Create the provisioner secret with the password from before:
kubectl -n step-issuer create secret \
-n step-issuer generic step-issuer-provisioner-password \
--from-literal=password=<password from before>
Create the StepClusterIssuer:
apiVersion: certmanager.step.sm/v1beta1
kind: StepClusterIssuer
metadata:
name: step-cluster-issuer
spec:
# The CA URL.
url: https://ca.juju.net:8444
# The base64 encoded version of the CA root certificate in PEM format.
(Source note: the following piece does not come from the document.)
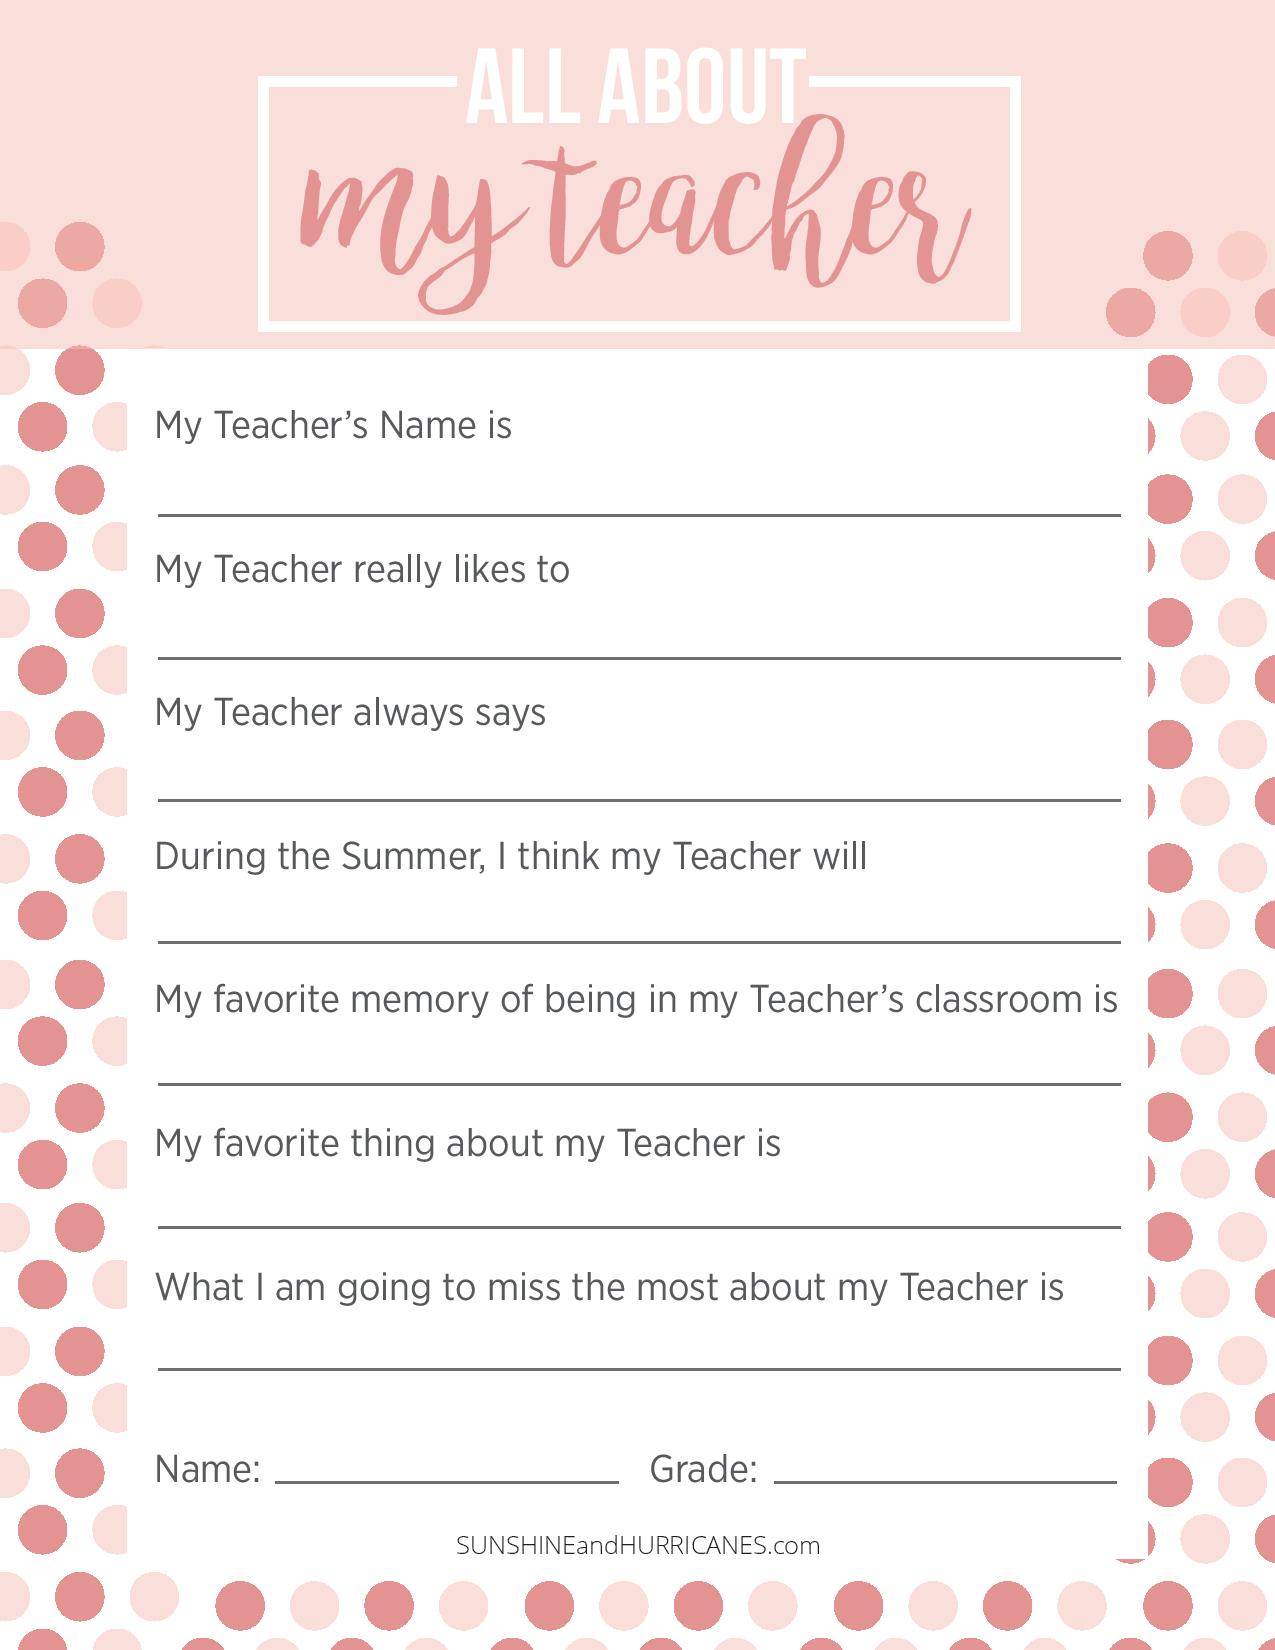 teacher-appreciation-week-questionnaire-a-personalized-teacher-gift

caBundle: <base64 encoded cert from above>
# The provisioner name, kid, and a reference to the provisioner password secret.
provisioner:
name: step-issuer
kid: <kid from before>
passwordRef:
name: step-issuer-provisioner-password
key: password
namespace: step-issuer
Check the status of the issuer:
kubectl get stepclusterissuers.certmanager.step.sm -o yaml
...
status:
conditions:
- lastTransitionTime: "2025-01-26T08:41:53Z"
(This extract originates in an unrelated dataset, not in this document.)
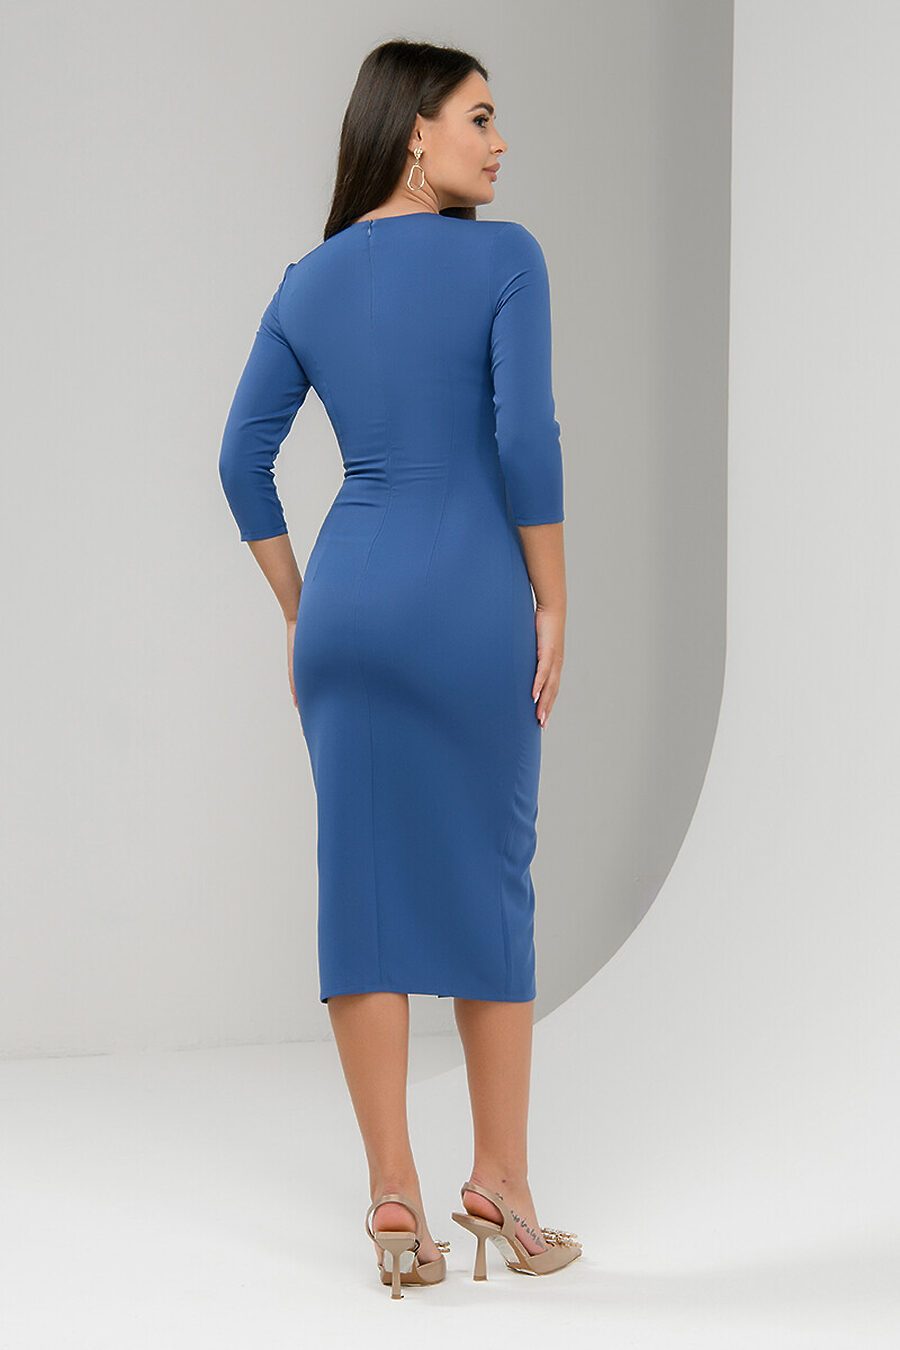 Платье для женщин 1001 DRESS 712363 купить оптом от производителя. Совместная покупка женской одежды в OptMoyo

message: StepClusterIssuer verified and ready to sign certificates
reason: Verified
status: "True"
type: Ready
Ingress configuration
Update the ingress to specify a certificate should be issued. In this example I use a Traefik ingress, but it will be similar for nginx.
apiVersion: v1
items:
- apiVersion: networking.k8s.io/v1
kind: Ingress
metadata:
annotations:
cert-manager.io/issuer: step-cluster-issuer # reference the issuer name
cert-manager.io/issuer-group: certmanager.step.sm # use cert-manager
cert-manager.io/issuer-kind: StepClusterIssuer # use the cluster issuer
meta.helm.sh/release-name: grafana
meta.helm.sh/release-namespace: grafana
traefik.ingress.kubernetes.io/router.entrypoints: websecure
traefik.ingress.kubernetes.io/service.serversscheme: https
name: grafana
namespace: grafana
spec:
ingressClassName: traefik
rules:
- host: grafana.kube
http:
paths:
- backend:
service:
name: grafana
port:
number: 80
path: /
pathType: Prefix
tls:
- hosts:
- grafana.kube # FQDN for this ingress
secretName: grafana-tls # Secret to be created to store the certificate
Once changes to the ingress are applied, you can view the status of the certificate.
kubectl -n grafana get certificaterequests.cert-manager.io
It may also be useful to check the events in the namespace when debugging any issues.